Please write out all the data that follows exactly, without the pictures.

• Data extract
★ ★ ★ ★
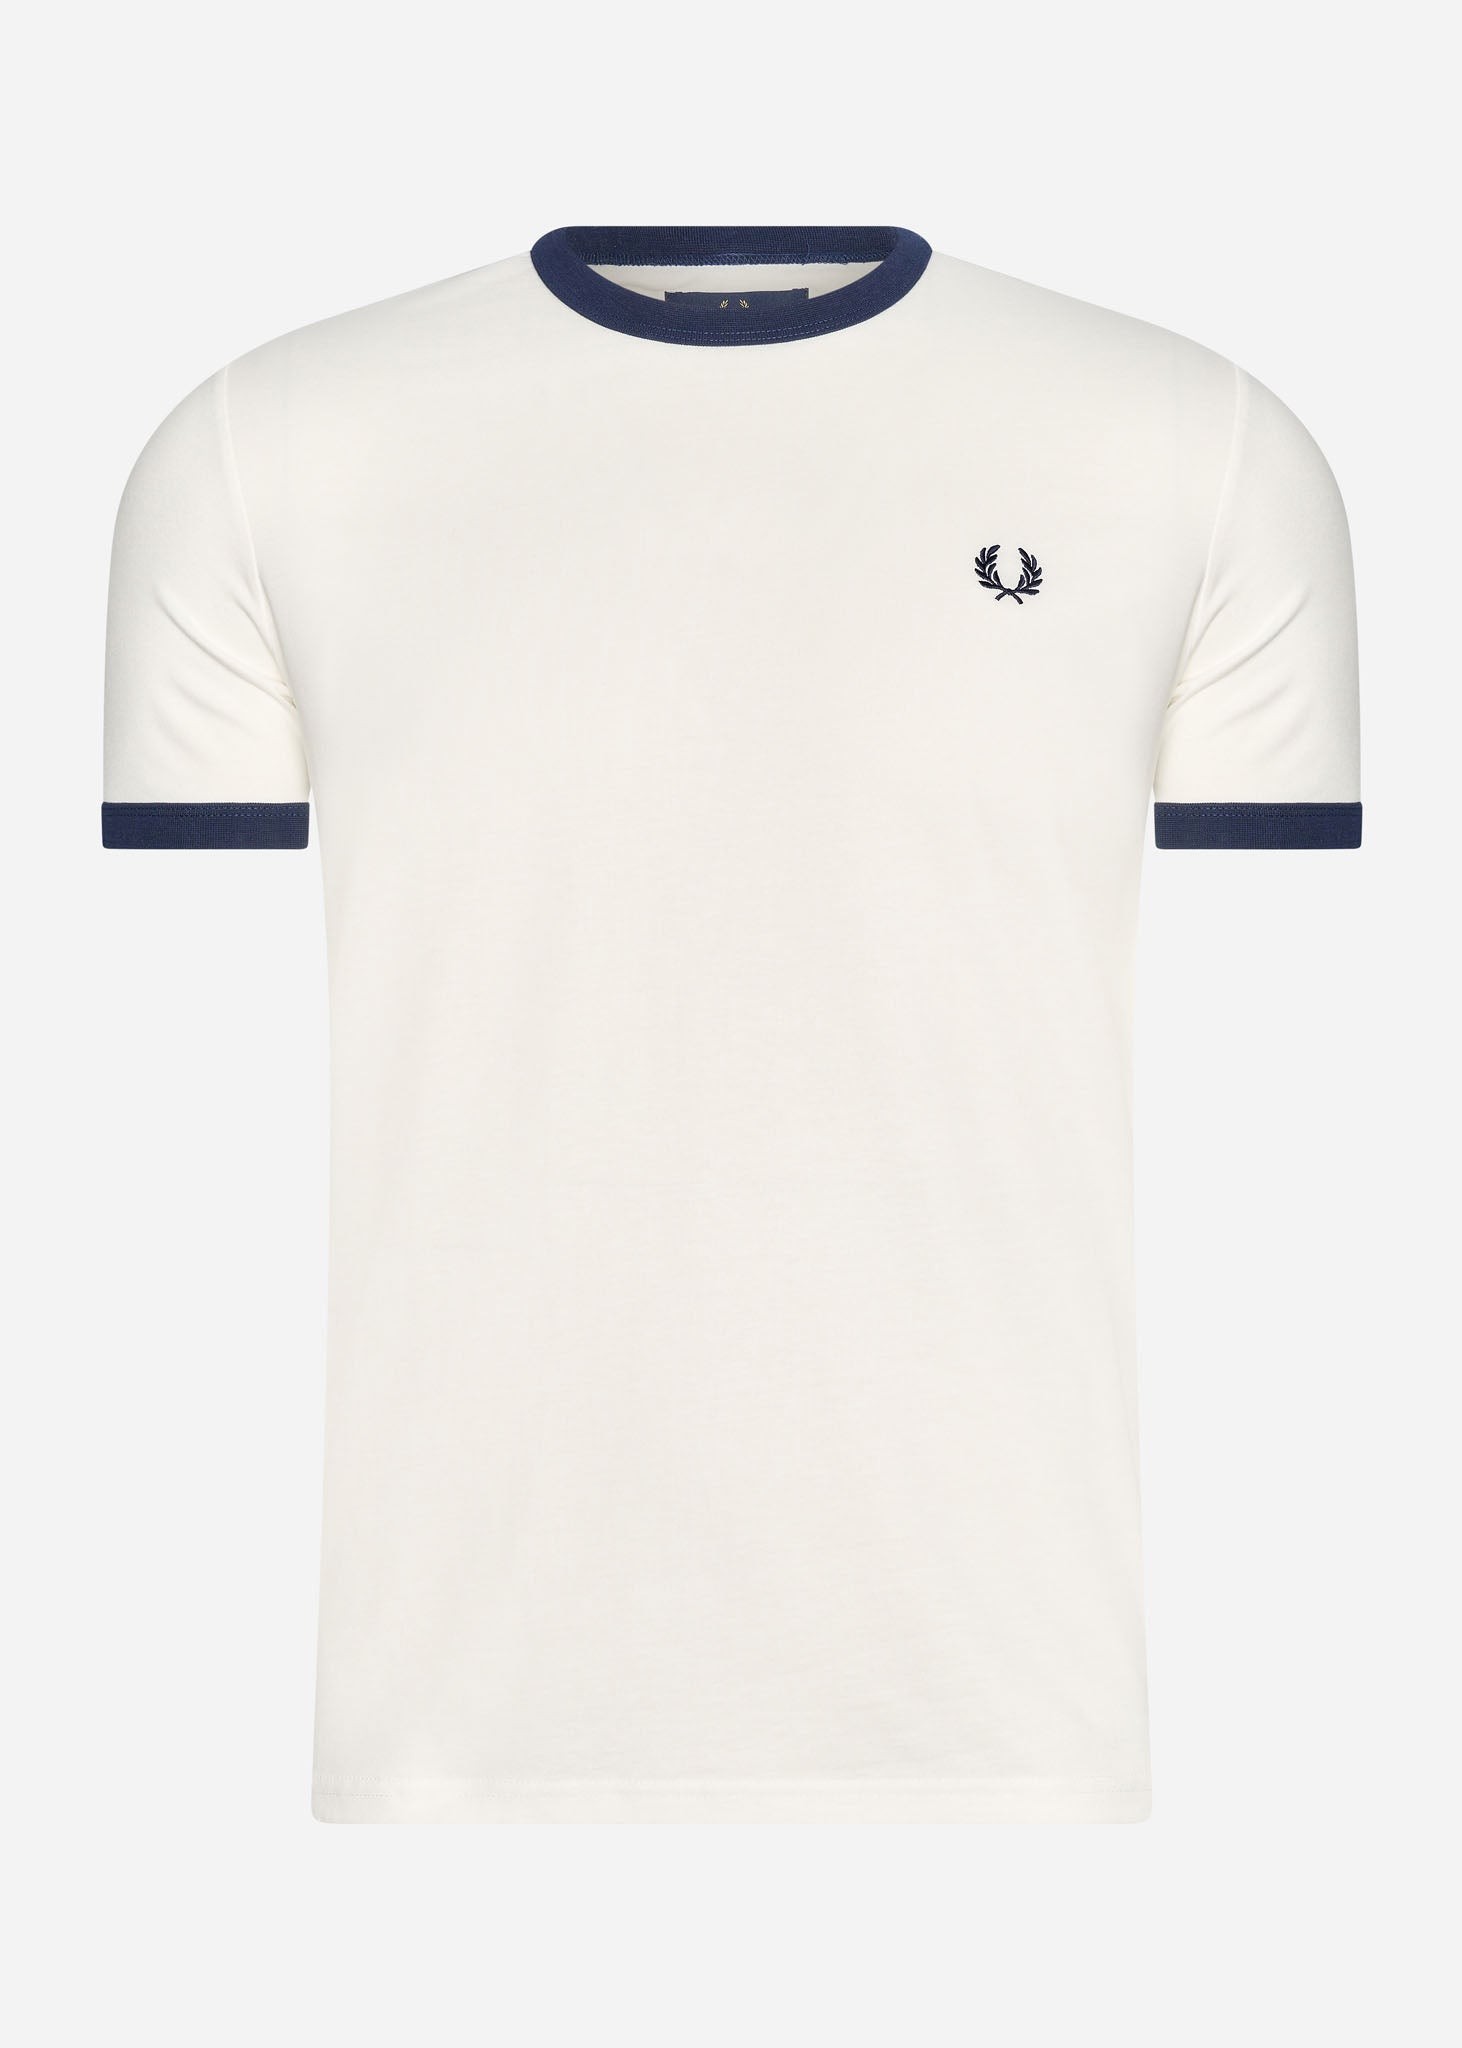 fred perry taped ringer t-shirt snow white
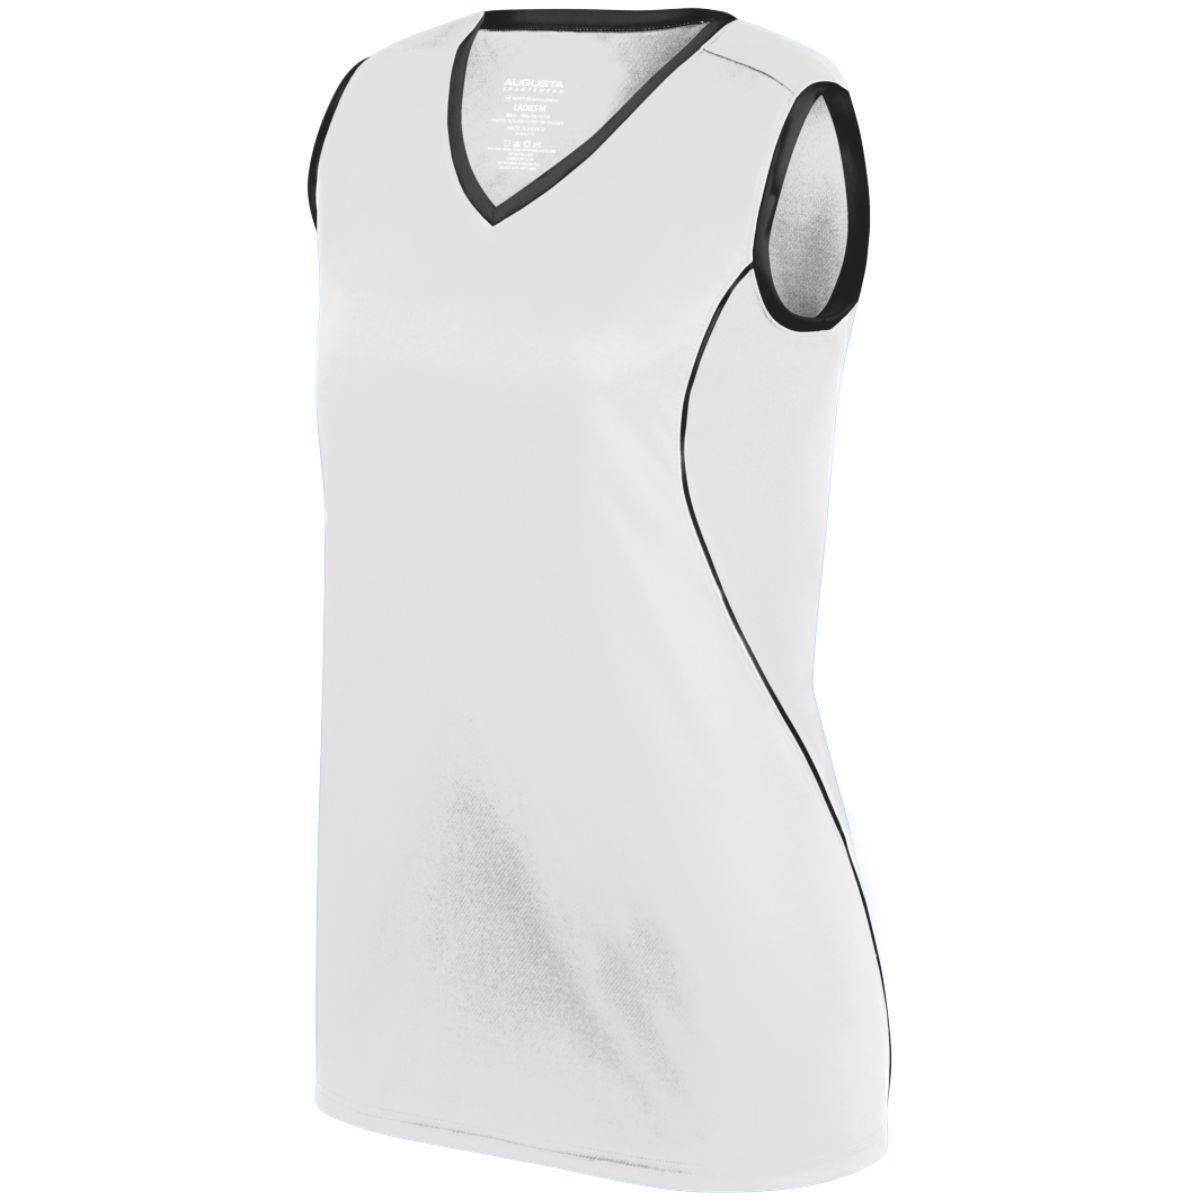 Augusta Sportswear Girls Firebolt Jersey in White/Black  -Part of the Girls, Augusta-Products, Softball, Girls-Jersey, Shirts product lines at KanaleyCreations.com
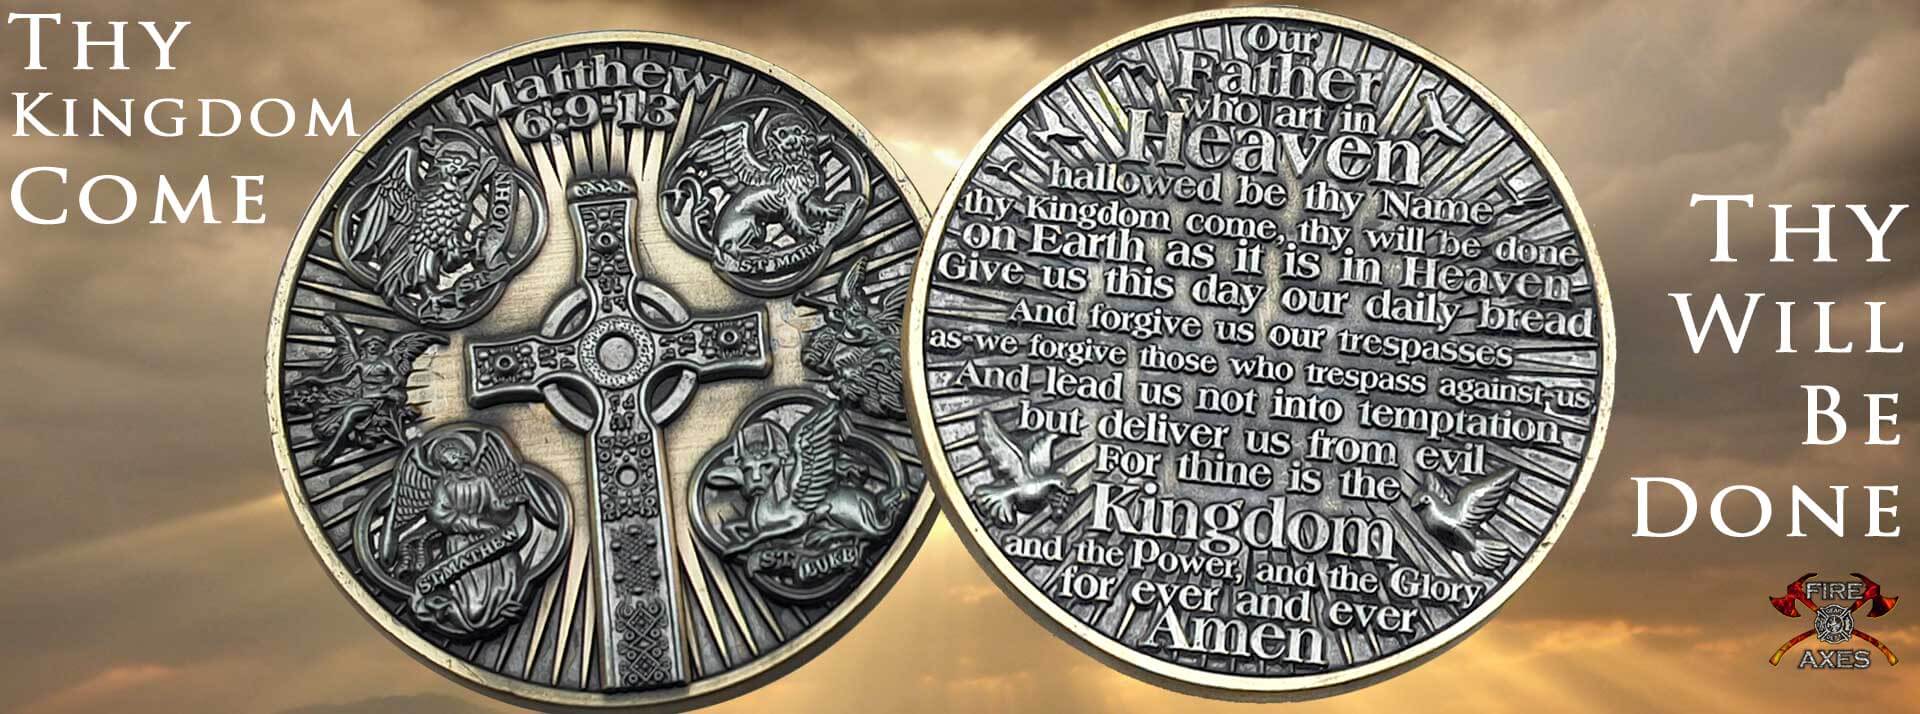 Fire and Axes The Lords Prayer Coin
★ ★ ★ ★
• Expected answer
 fred perry taped ringer t-shirt snow white
 Augusta Sportswear Girls Firebolt Jersey in White/Black  -Part of the Girls, Augusta-Products, Softball, Girls-Jersey, Shirts product lines at KanaleyCreations.com
 Fire and Axes The Lords Prayer Coin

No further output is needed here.